Hans Halberstadt

Personal information
- Nationality: German-born American
- Born: Hans Ignaz Halberstadt 10 June 1885 Offenbach am Main, Germany
- Died: 22 September 1966 (aged 81) San Francisco, California, United States

Sport
- Country: Germany; USA
- Sport: Fencing
- Event(s): Epee and sabre

= Hans Halberstadt =

German fencer (1885–1966)

Hans Ignaz Halberstadt (10 June 1885 - 22 September 1966) was a German-born American Olympic
épée and saber fencer.

==Early and personal life==
Halberstadt was born and raised in Offenbach am Main, Germany, and was Jewish. He was trained at the Offenbach am Main Fechtclub.

==Fencing career==
Halberstadt was German National Champion in epee in 1922 and 1930. He was also German team sabre champion with Fechtclub Offenbach in 1924 and 1925.

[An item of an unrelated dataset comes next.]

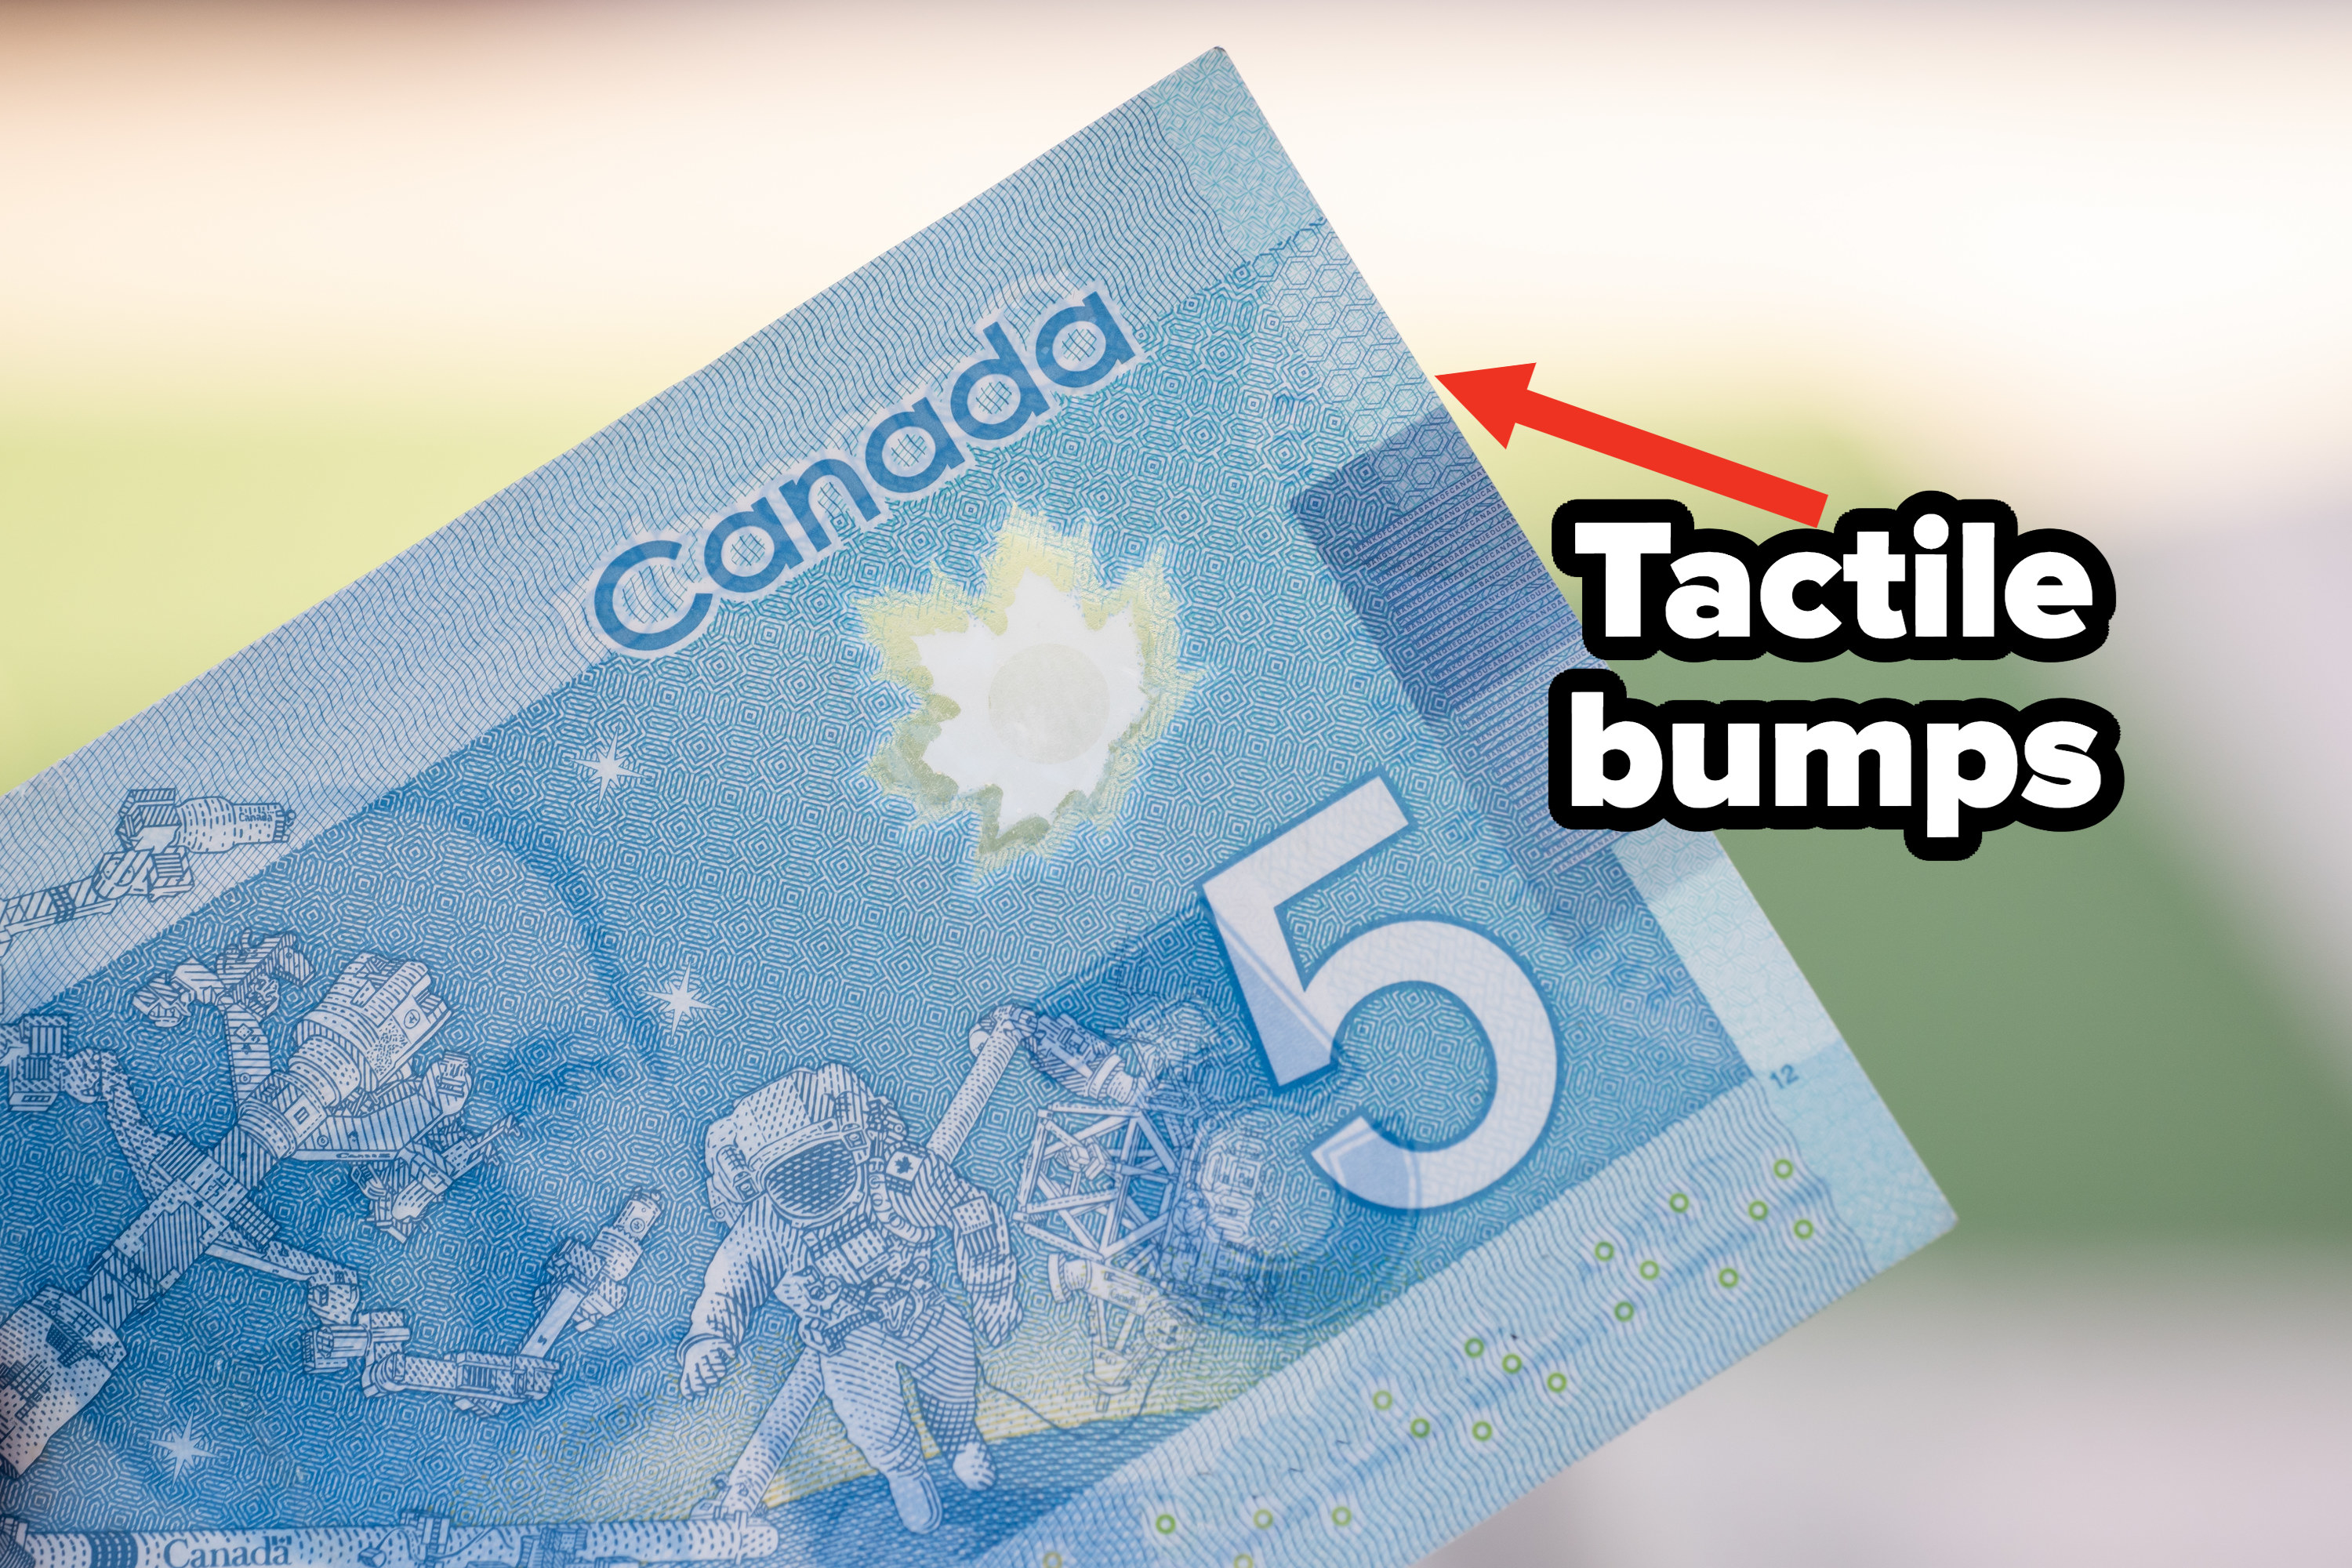 Canadian 5 dollar bill with tactile bumps in the top righthand corner

He competed for Germany in the individual and team épée and team sabre (coming in fourth) events at the 1928 Summer Olympics in Amsterdam at the age of 42.

After the Nazis came to power, after Kristallnacht his family's business was seized by the Nazis and Halberstadt was interned in Bergen-Belsen concentration camp by the Nazis because he was Jewish. He then fled Germany at the age of 56 with what he could carry, first to London, and then San Francisco in 1940.

Halberstadt then became 1940 US Sabre Champion, both in individual saber and team saber.

In San Francisco he taught fencing in the 1940s at the San Francisco Olympic Club and then at his own club which he opened, and ran a fencing supply company. Among his students in San Francisco were Helene Mayer and Tommy Angell. His name lives on through a San Francisco fencing club founded by his students after his 1966 death.

Halberstadt was inducted into the U.S. Fencing Hall of Fame, in its Class of 2013.